Laser quenching belongs to the surface layer hardening process.Only for iron - based materials that can be hardened.That is, steel and cast iron with more than 0.2% carbon content.
In order to harden the workpiece, the laser beam heats the metal surface layer to near the melting point, which is about 900 to 1400℃ in most cases.When the surface reaches the desired temperature, the laser beam leaves this position and continues forward, continuously heating the workpiece surface in the new direction.At high temperatures, carbon atoms in the metal lattice change their position (austenitizing).Once the laser beam leaves a location, the surrounding material cools the hot surface quickly.This phenomenon is called self-quenching.Due to rapid cooling, the metal lattice does not return to its original shape, but instead produces martensite.Martensite is a very hard metal structure.Converting to martensite improves the hardness of the material.

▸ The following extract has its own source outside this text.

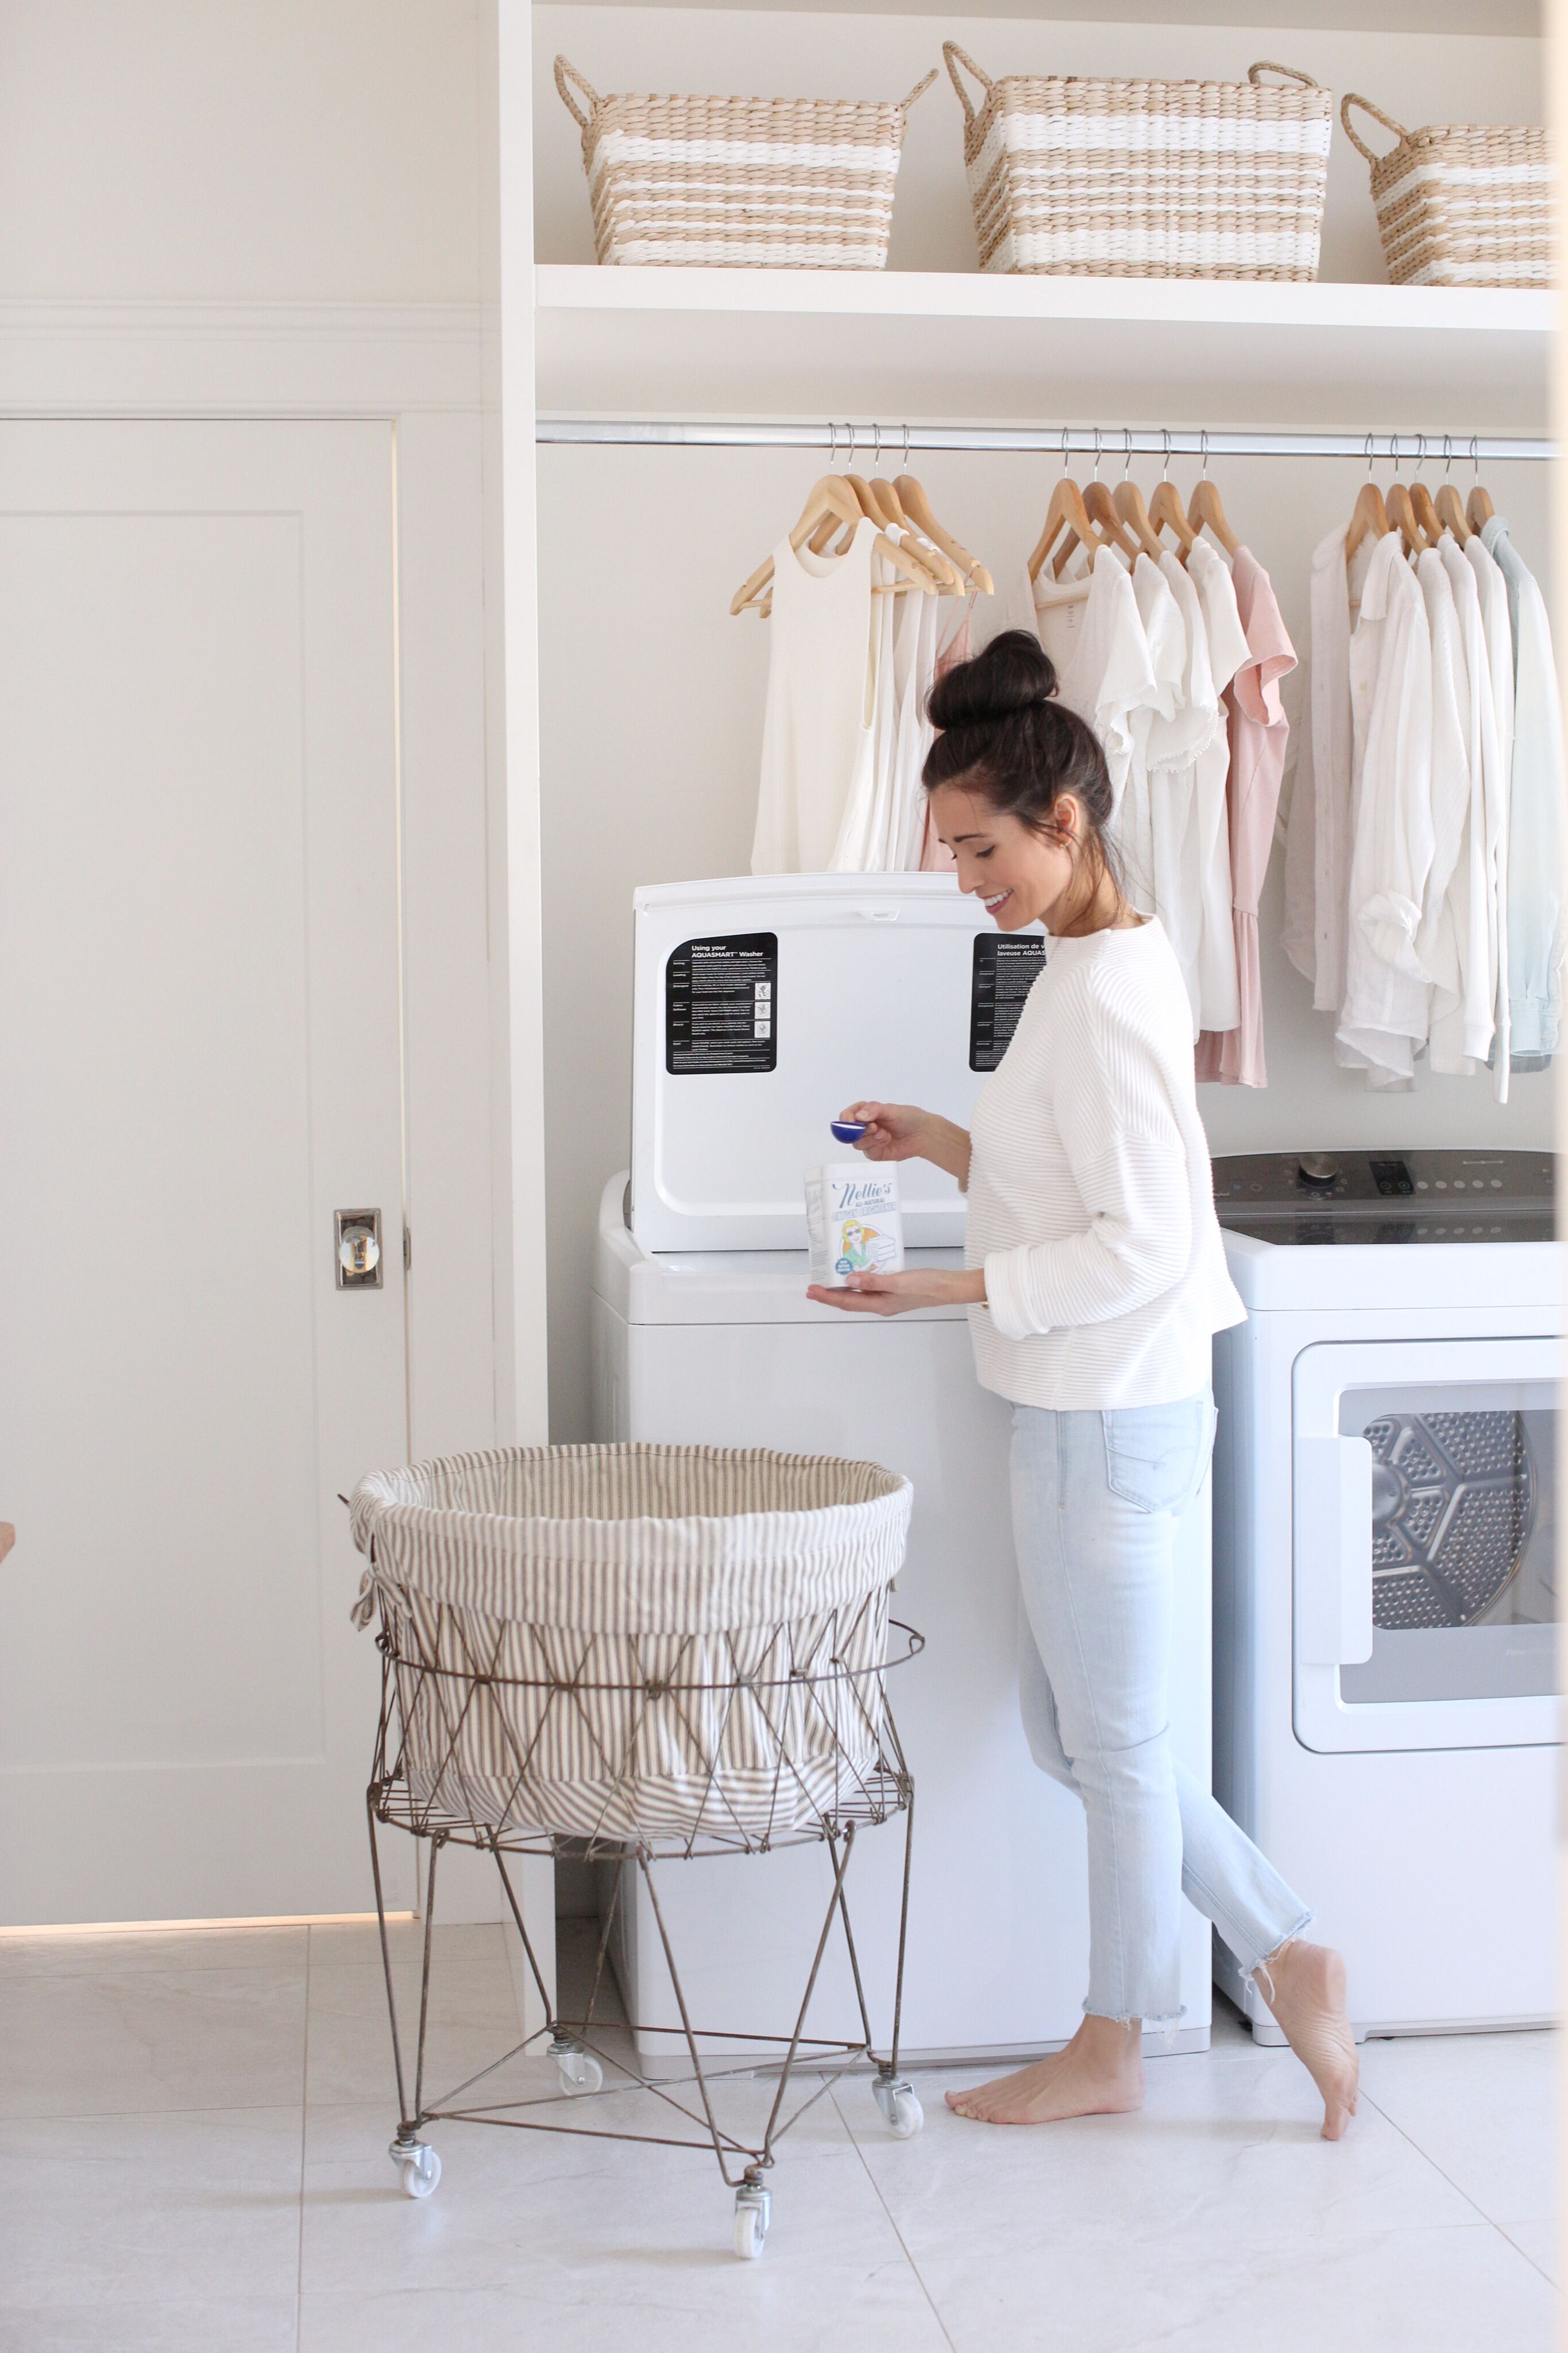 Laundry Room Reveal from Tor Wesszer at FraicheNutrition.com complete with all of the white, airy details including paint colours, farm house sinks, brass hardware, shiplap and the best top loading washer and dryer!
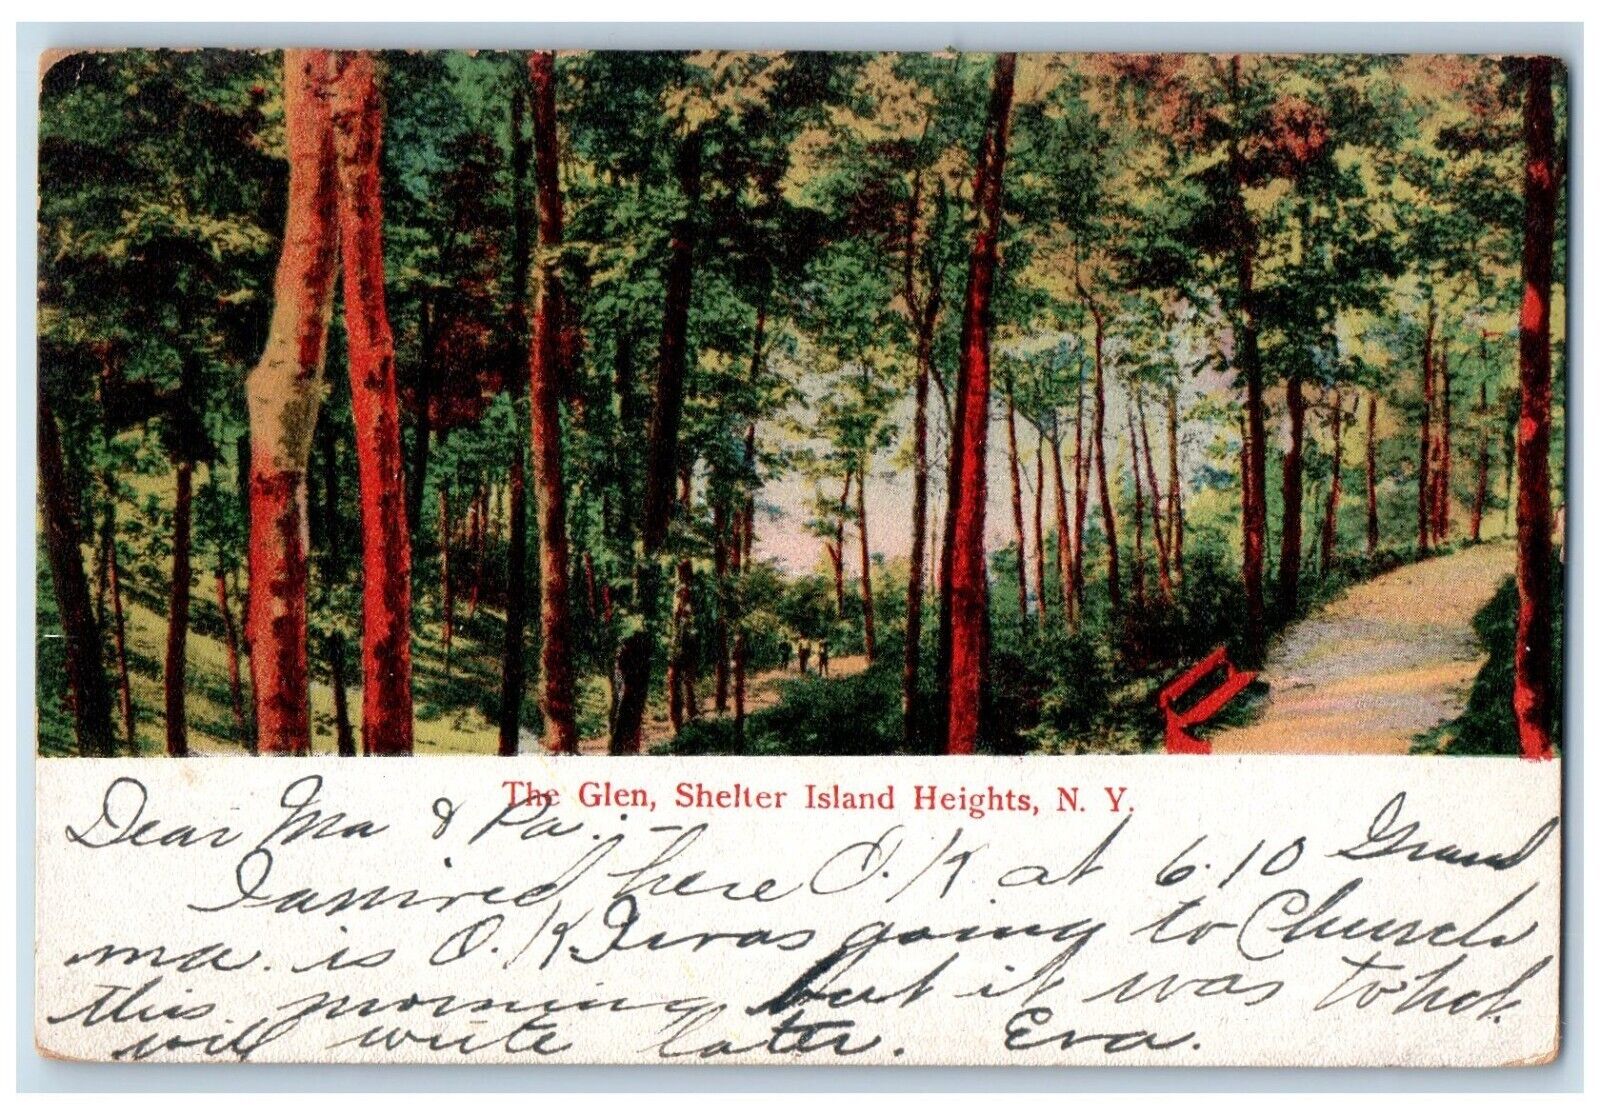 1908 The Glen Wood Path Tree Shelter Island Heights New York NY Antique Postcard

The laser beam heats the surface layer of the workpiece.Typical surface hardening depths range from 0.1 to 1.5 mm, with some materials reaching 2.5 mm or more.The greater the depth of the surface hardening, the larger the surrounding volume must be to allow heat to be rapidly exported so that the hardened area can be cooled quickly enough.Laser quenching process only requires relatively small power density.At the same time, the workpiece should be machined on the same plane.Therefore, the laser beam should be able to shine on as large a plane as possible.The surface of the square is commonly used at present.Similarly, the scanning mirror set is used in the laser quenching process to move the laser beam of the circular spot back and forth very quickly.A line with basically uniform power density is formed on the surface of the workpiece.A hardening path with a width of up to 60 mm can be generated.The bearing near the turbocharger shaft, as shown above, has been laser-hardened.
In order to improve the wear resistance of the material or to modify the surface, laser surfacing is used.Using laser cladding system, the surface of existing workpiece can be coated with gold plating with the same quality as casting.No loss of mass, no sealing, no pores and no cracks.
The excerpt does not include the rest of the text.